*** DATA SEGMENT ***

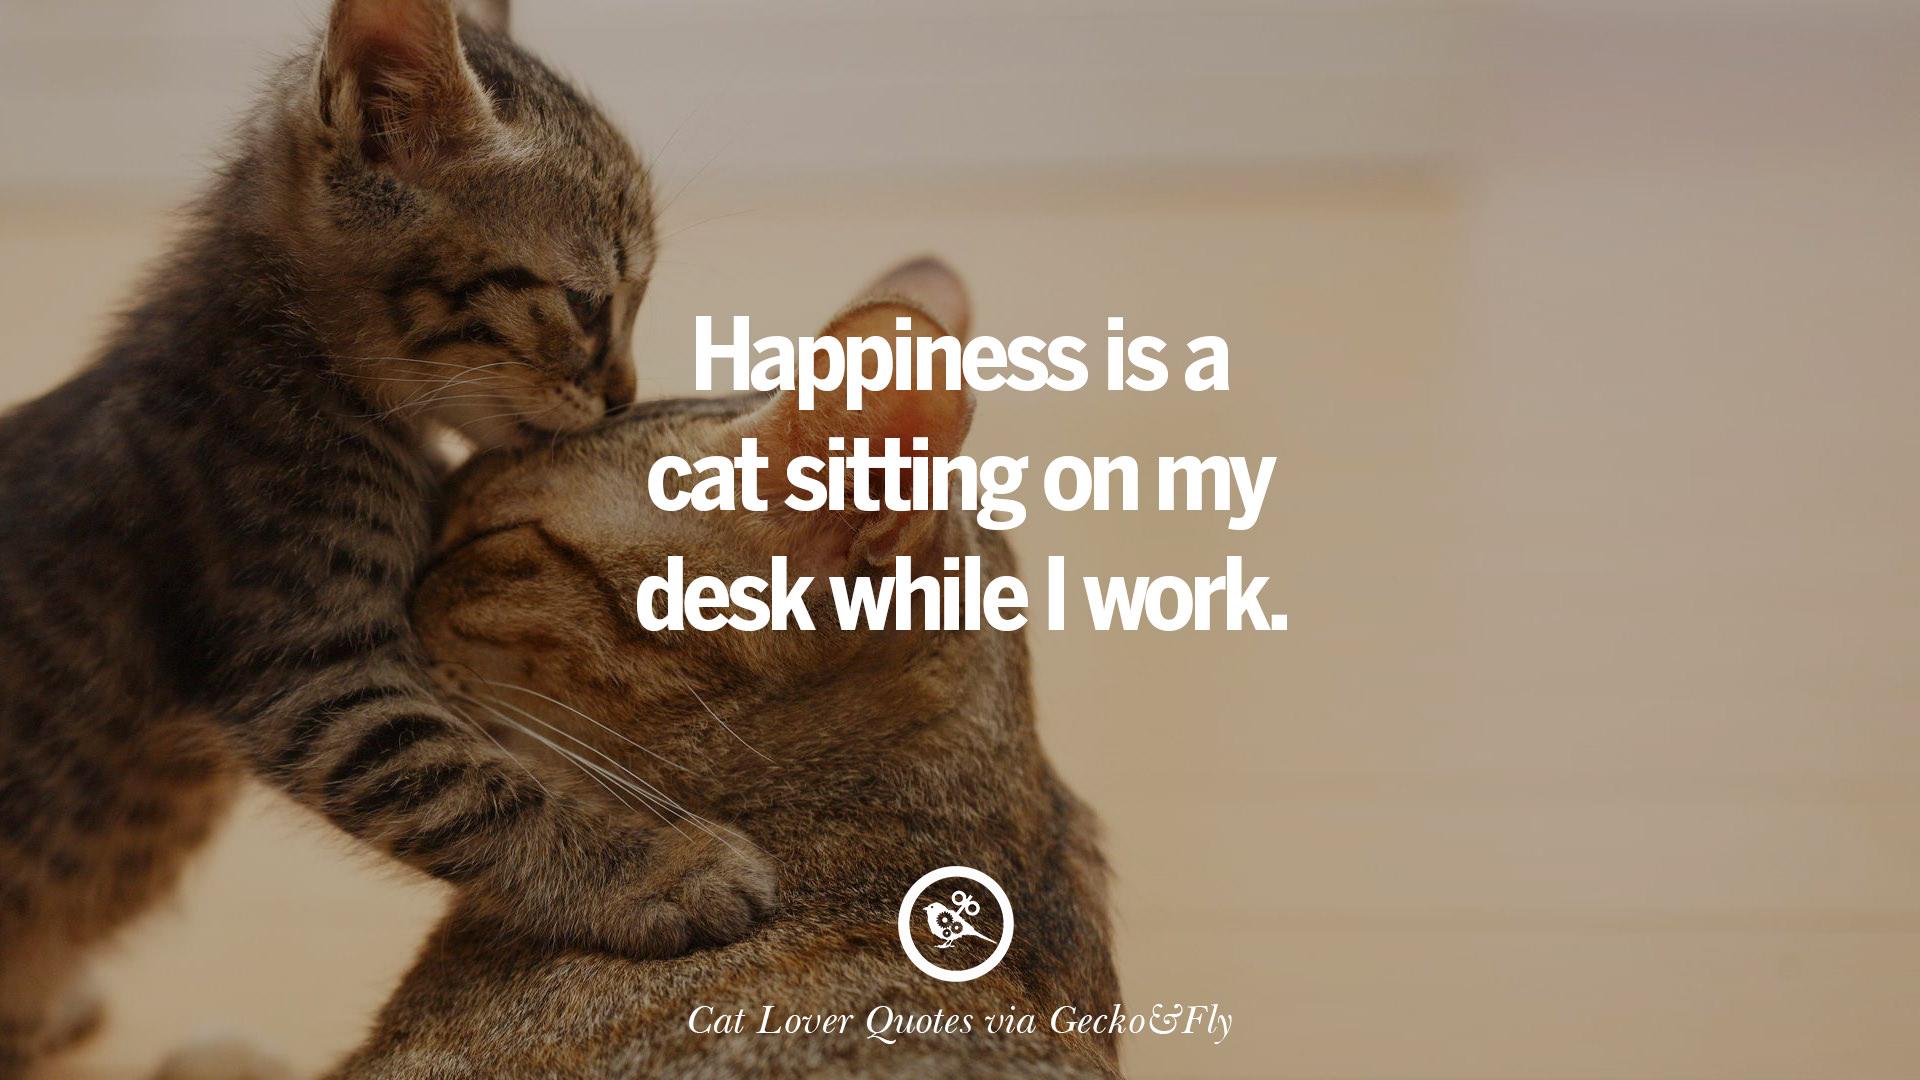 Cat Quotes | 25 Cute Cat Images With Quotes For Crazy Cat Ladies Gentlemen And
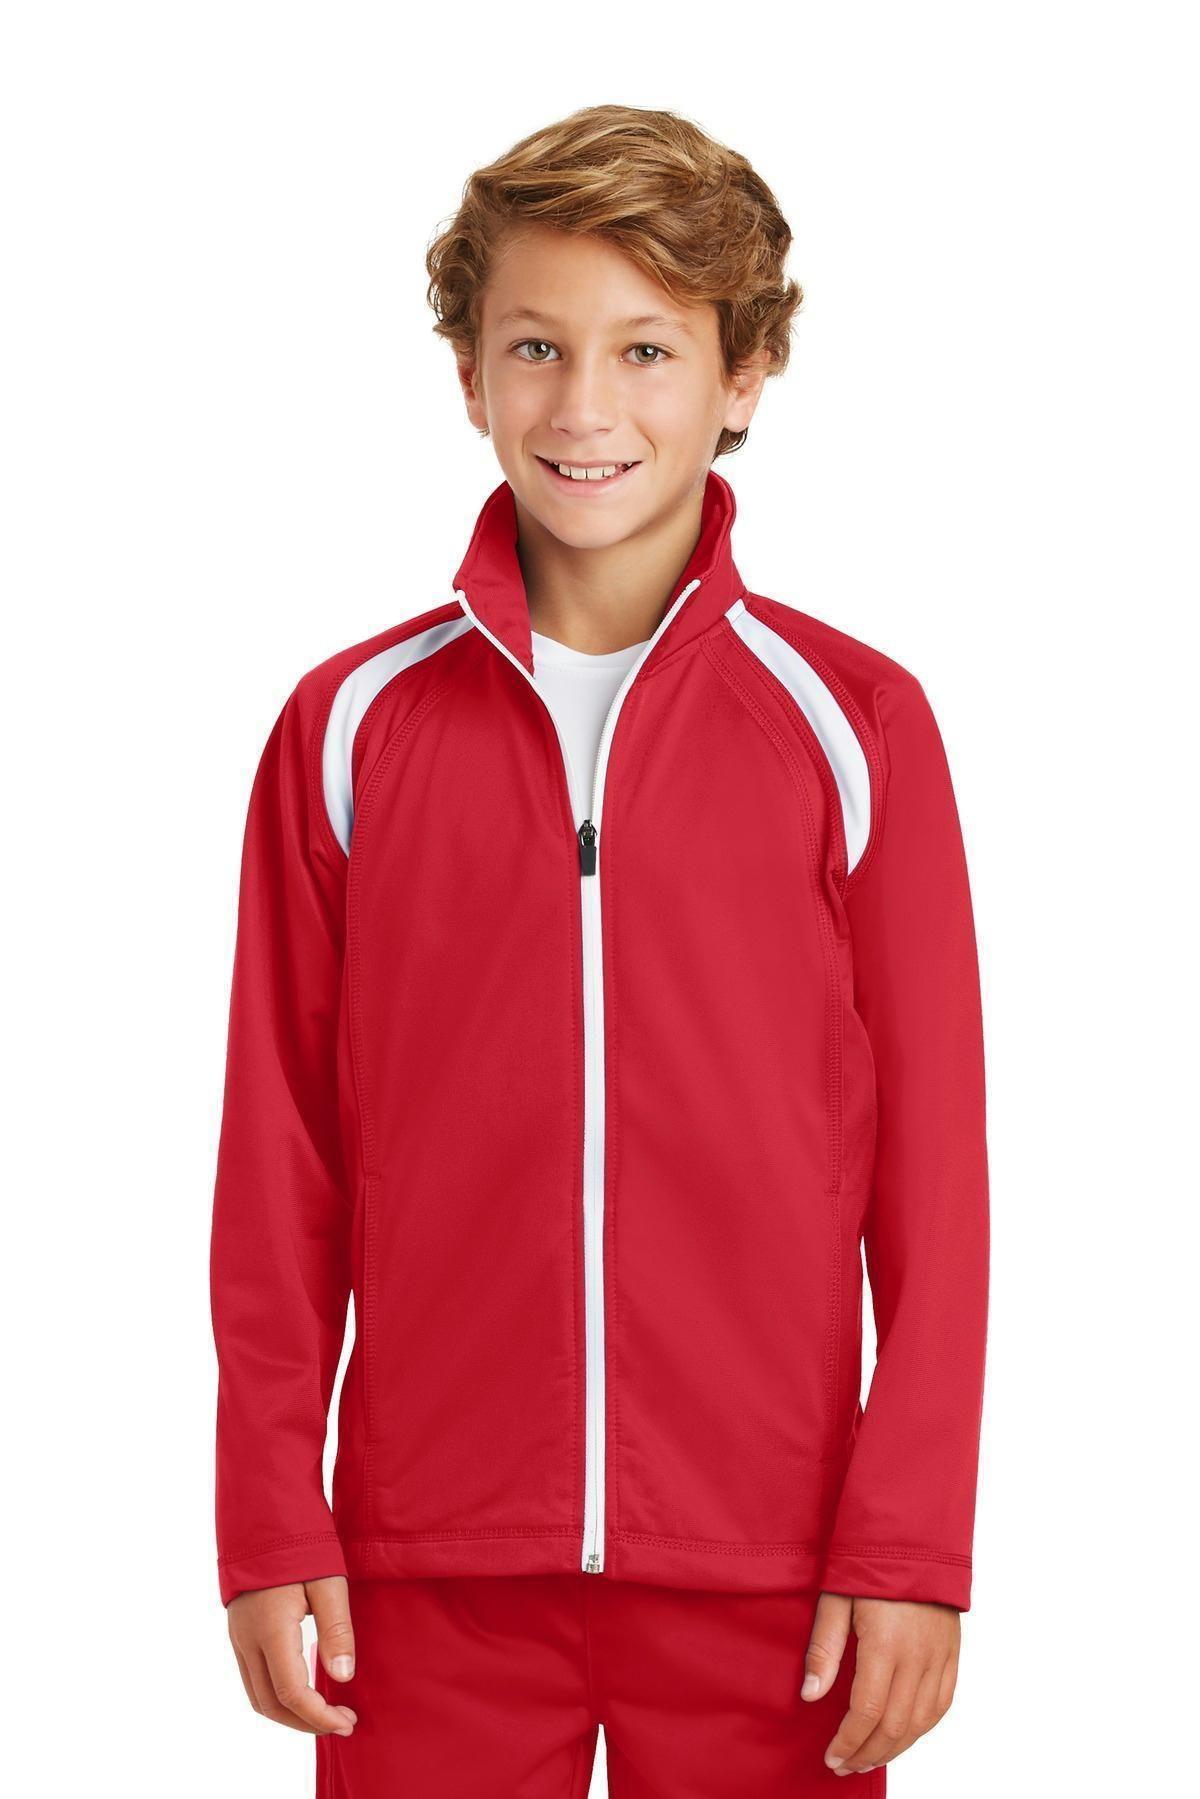 SportTek Youth Tricot Track Jacket. YST90 Jackets, Fall
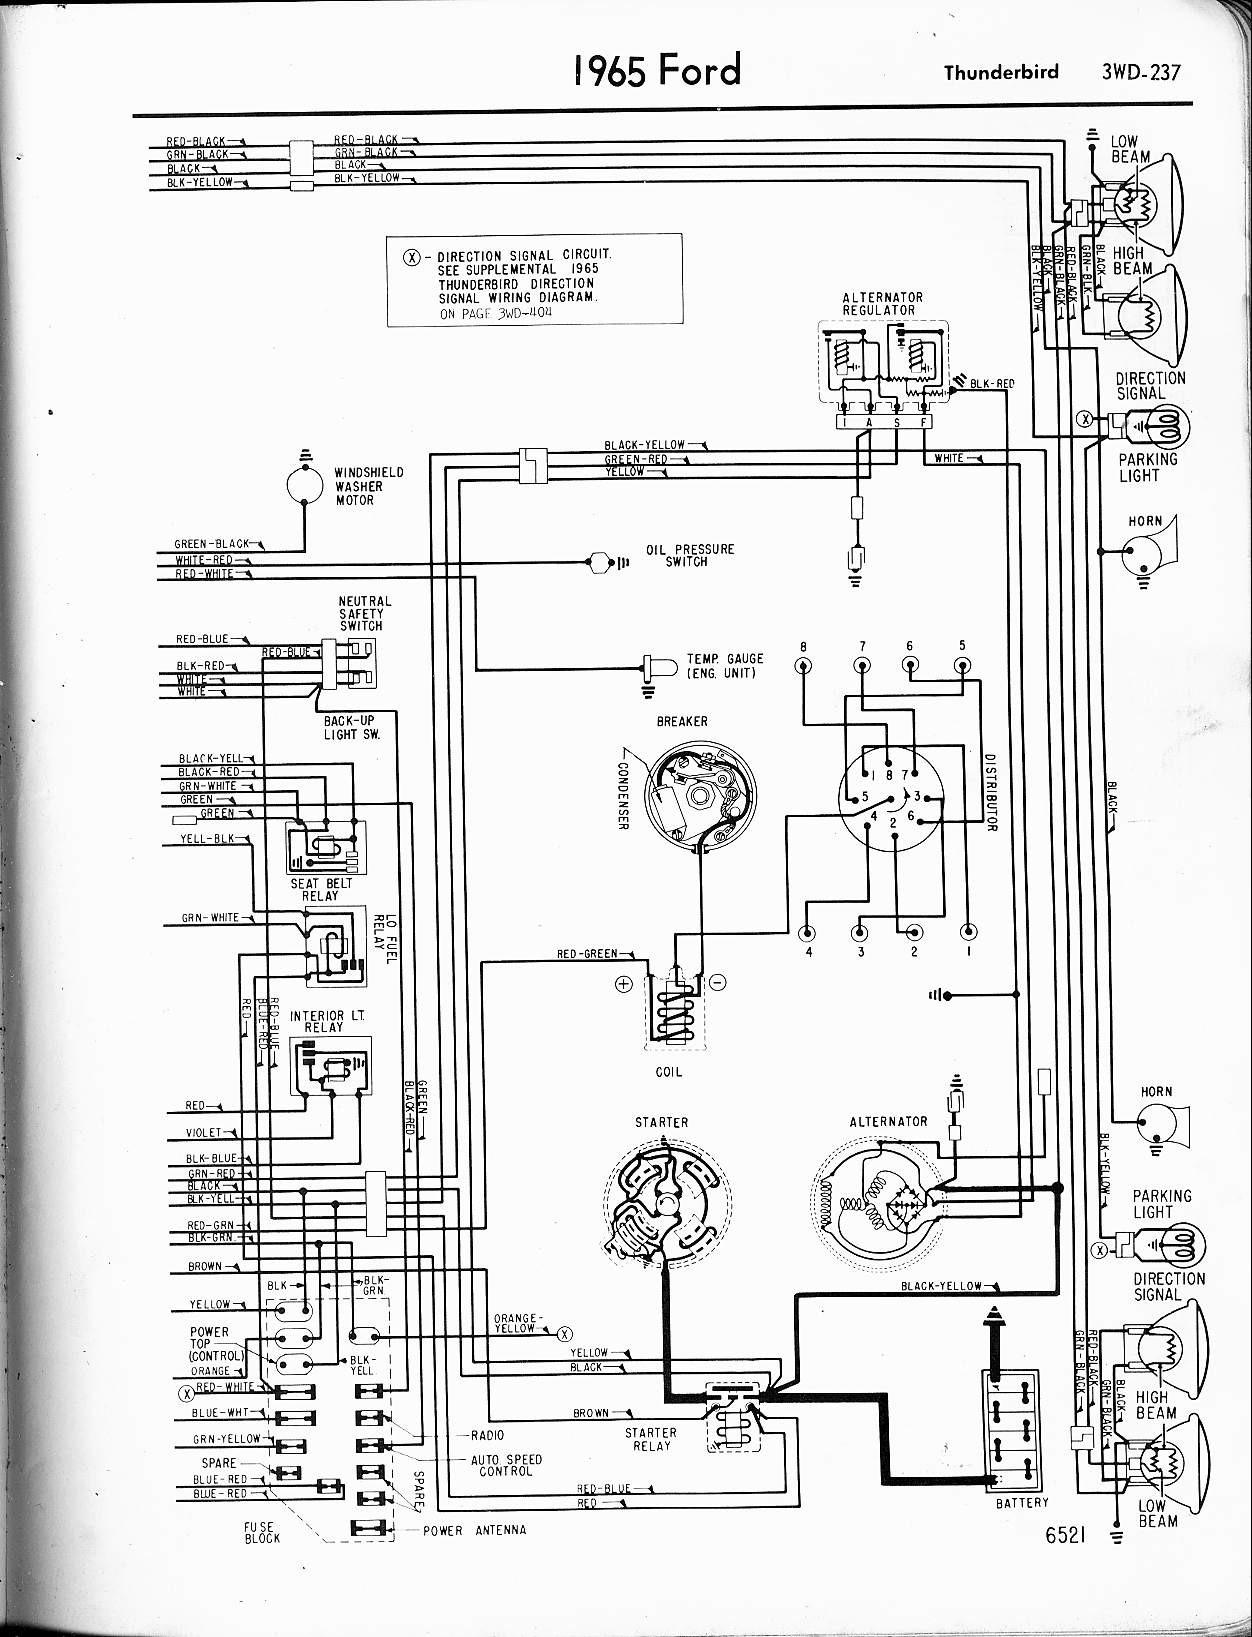 65 F100 Wiring Diagram Diy Enthusiasts Diagrams 1970 Ford Ba Falcon Engine Parts My Rh Detoxicrecenze Com

***

Reprint the data verbatim, pictures excluded.

(FINISHED EXERCISE)
 Cat Quotes | 25 Cute Cat Images With Quotes For Crazy Cat Ladies Gentlemen And
 SportTek Youth Tricot Track Jacket. YST90 Jackets, Fall
 65 F100 Wiring Diagram Diy Enthusiasts Diagrams 1970 Ford Ba Falcon Engine Parts My Rh Detoxicrecenze Com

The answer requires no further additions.